July 11 – All eyes are on the upcoming seventeenth BRICS Summit, set to happen in Brazil from July 6 to 7, amid rising inside contradictions that threaten to undermine the bloc’s unity and effectiveness.
The South China Morning Post not too long ago highlighted these tensions in an article titled “Questions loom at BRICS Rio summit about group’s effectiveness”, pointing to widening rifts inside the alliance.
One notable fracture emerged in April, when BRICS international ministers did not subject a joint communiqué, largely attributable to disagreements over calls to grant everlasting UN Security Council seats to Brazil, India, and South Africa. These divisions are anticipated to overshadow the summit proceedings, that are already marked by the absence of two key leaders: Chinese President Xi Jinping will skip the summit for the primary time, sending Premier Li Qiang in his place, whereas Russian President Vladimir Putin will seem through video, with Foreign Minister Sergey Lavrov attending in particular person.
The lack of consensus is deepening with the bloc’s latest growth. Egypt and Ethiopia, two of the most recent BRICS members, opposed a declaration in help of South Africa’s Security Council ambitions—a growth that underscores how growth could also be amplifying tensions fairly than easing them. Yet in a seeming contradiction, the identical international locations quickly joined BRICS nations in signing a powerful assertion condemning latest U.S. and Israeli strikes on Iran, one other new entrant, labelling them violations of worldwide regulation.
Diplomats accustomed to the preparations say the prospects for a unified entrance are unsure, with thorny points equivalent to commerce frameworks, a possible BRICS forex mechanism, and geopolitical alignment on the agenda.
Amid these divisions, India, a founding BRICS member, is rising as a shiny spot. According to the newest Morgan Stanley Global Investment Committee report titled “The India Opportunity”, the Indian financial system is projected to outpace all main international economies in 2025–26. India’s GDP is predicted to develop by 5.9% in 2025, accelerating to six.4% in 2026 (This fall/This fall).

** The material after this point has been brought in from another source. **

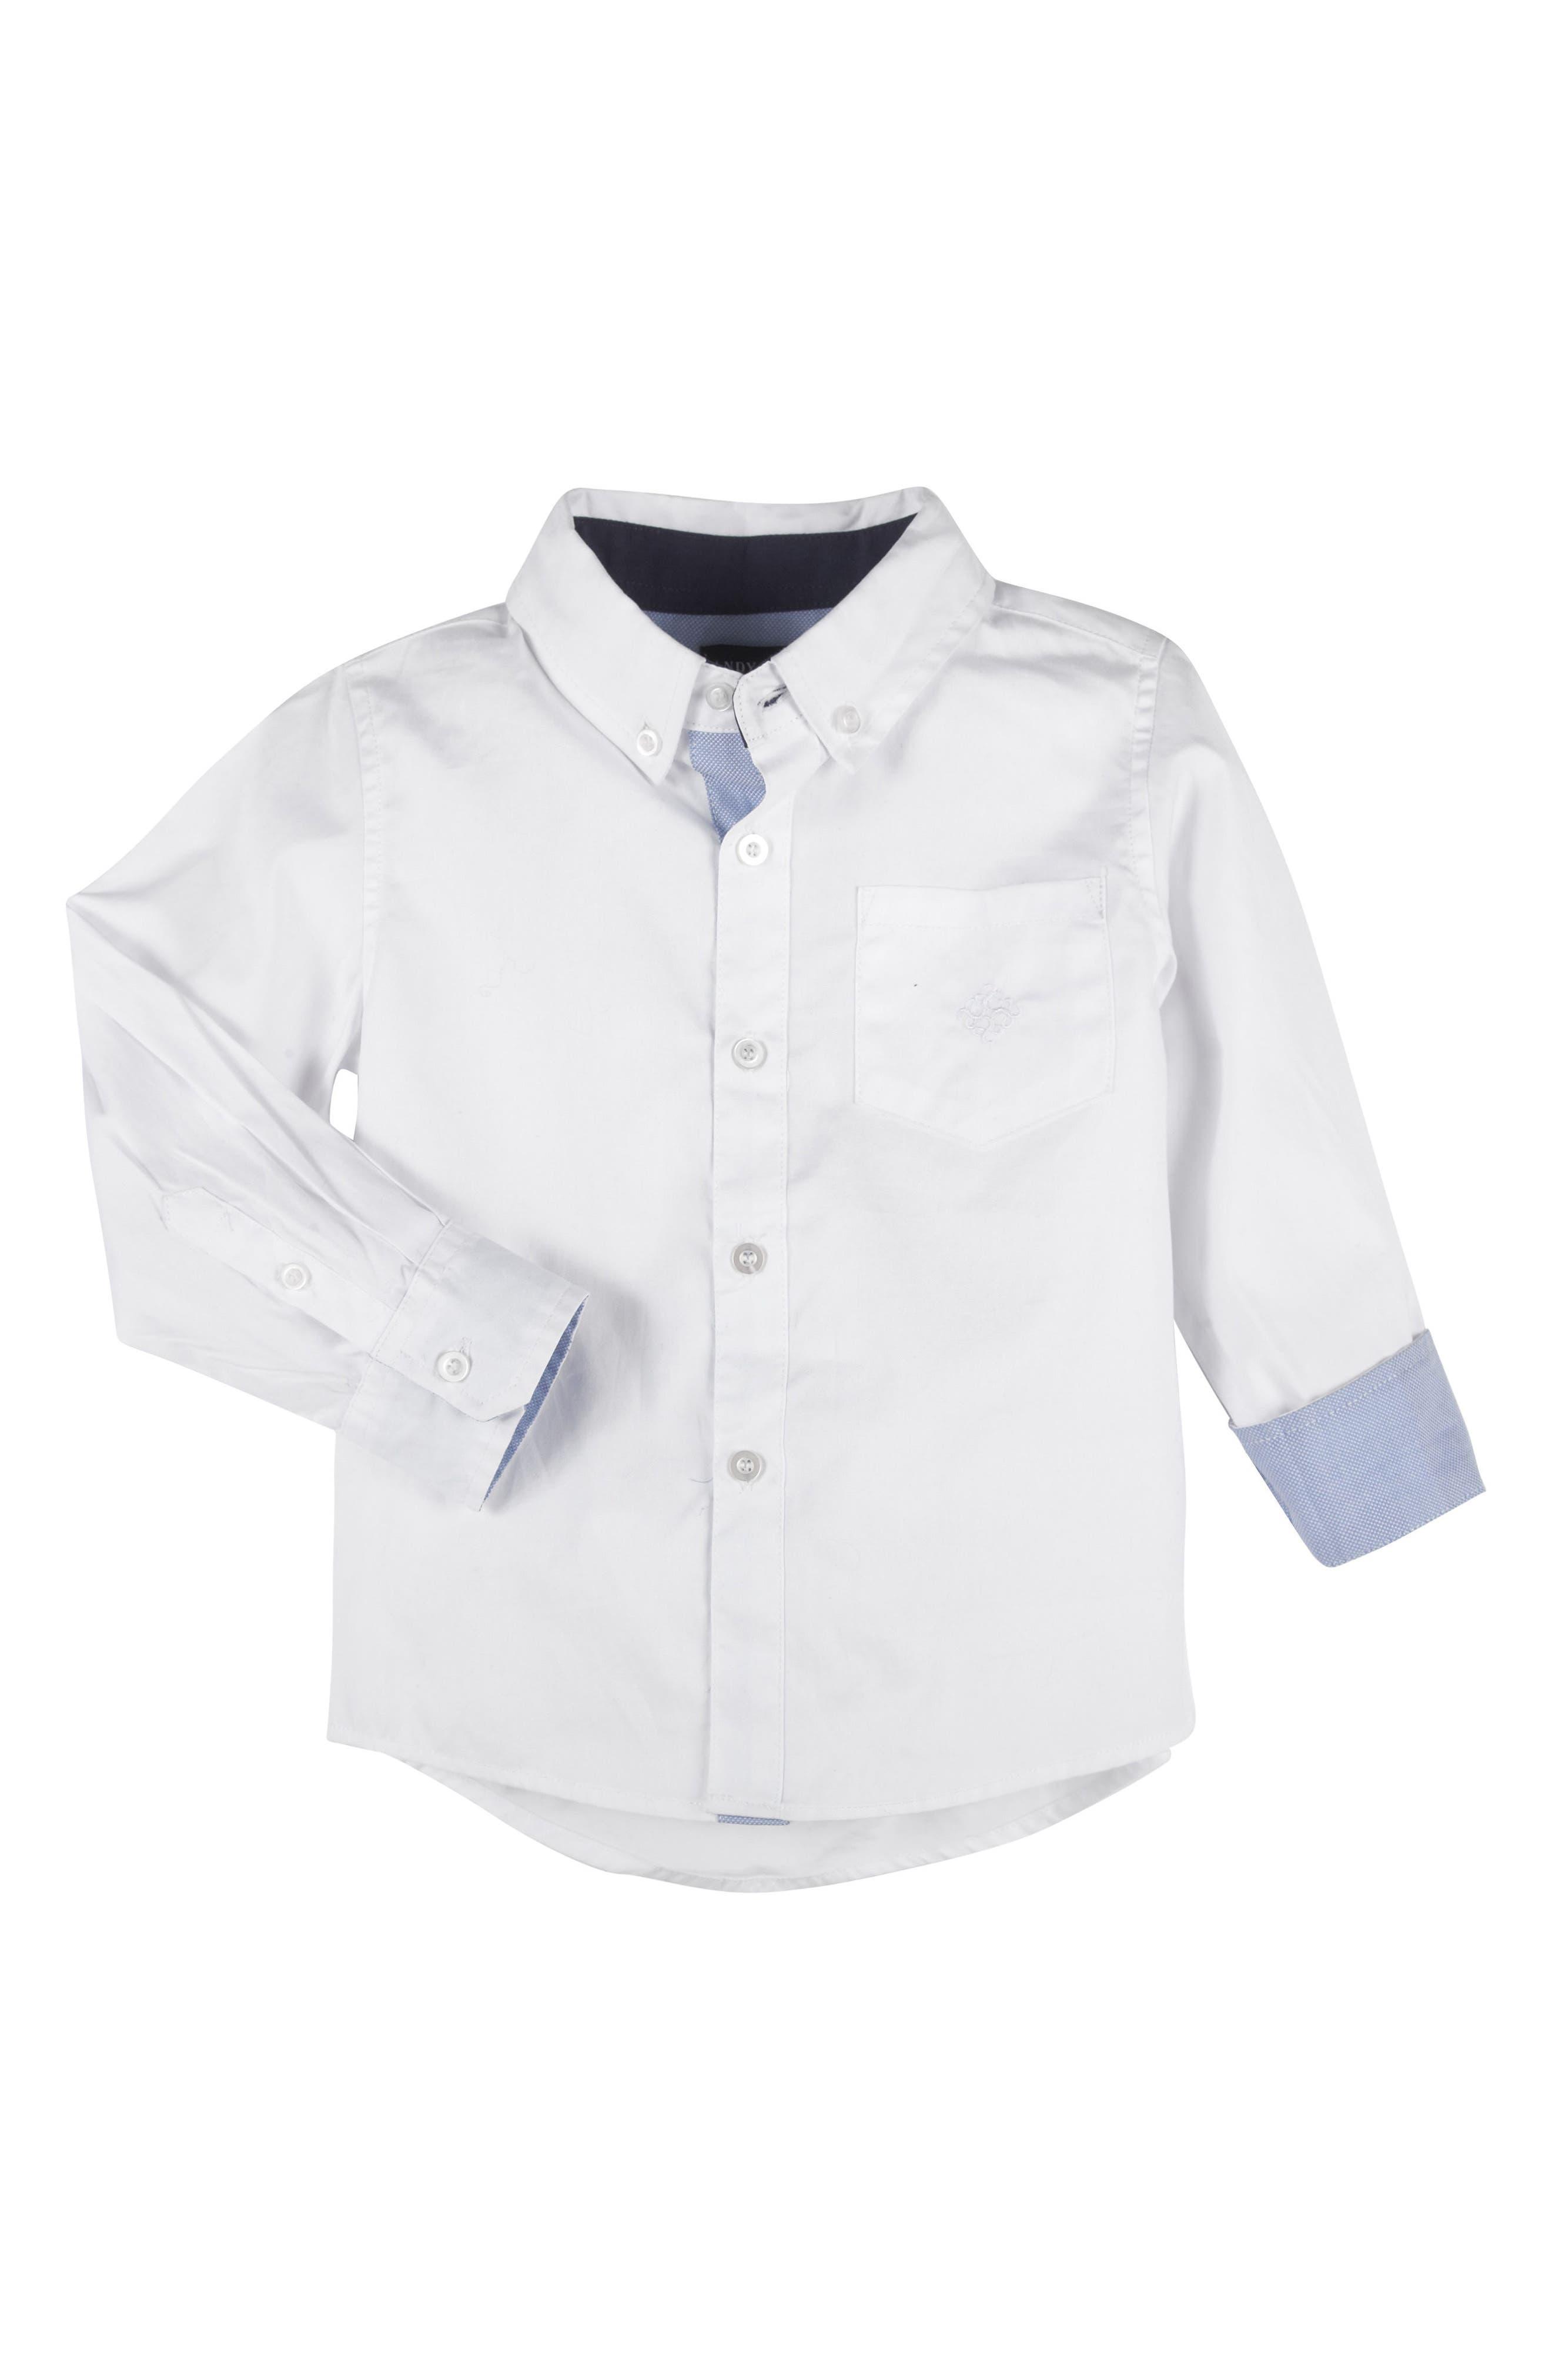 Main Image - Andy & Evan Oxford Shirt (Toddler Boys)
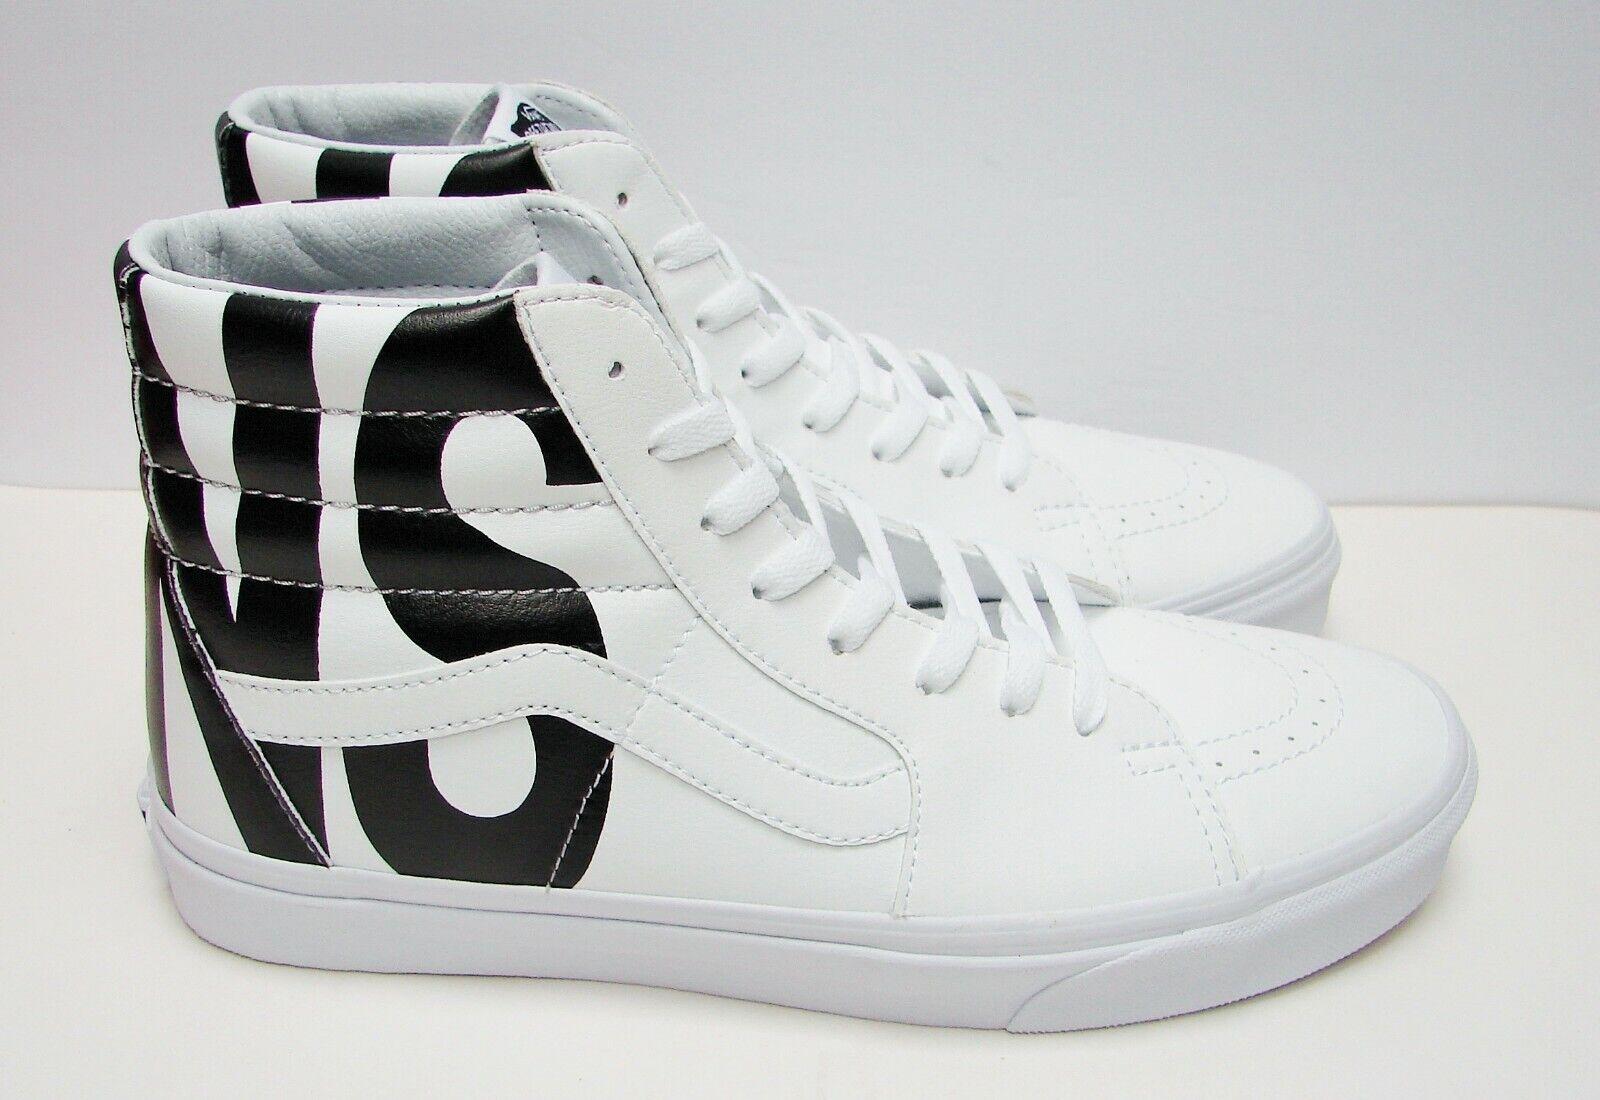 VANS SK8-HI (Classic Tumble) True White VN-0A38GEUBD Men's size  10

This financial momentum positions India uniquely because it prepares to imagine the BRICS chairmanship in 2026. But it additionally raises a vital query: Can New Delhi translate its financial energy into diplomatic affect to information a divided BRICS towards renewed function and cooperation?
As the summit opens in Rio, this query could show central to the way forward for the bloc itself.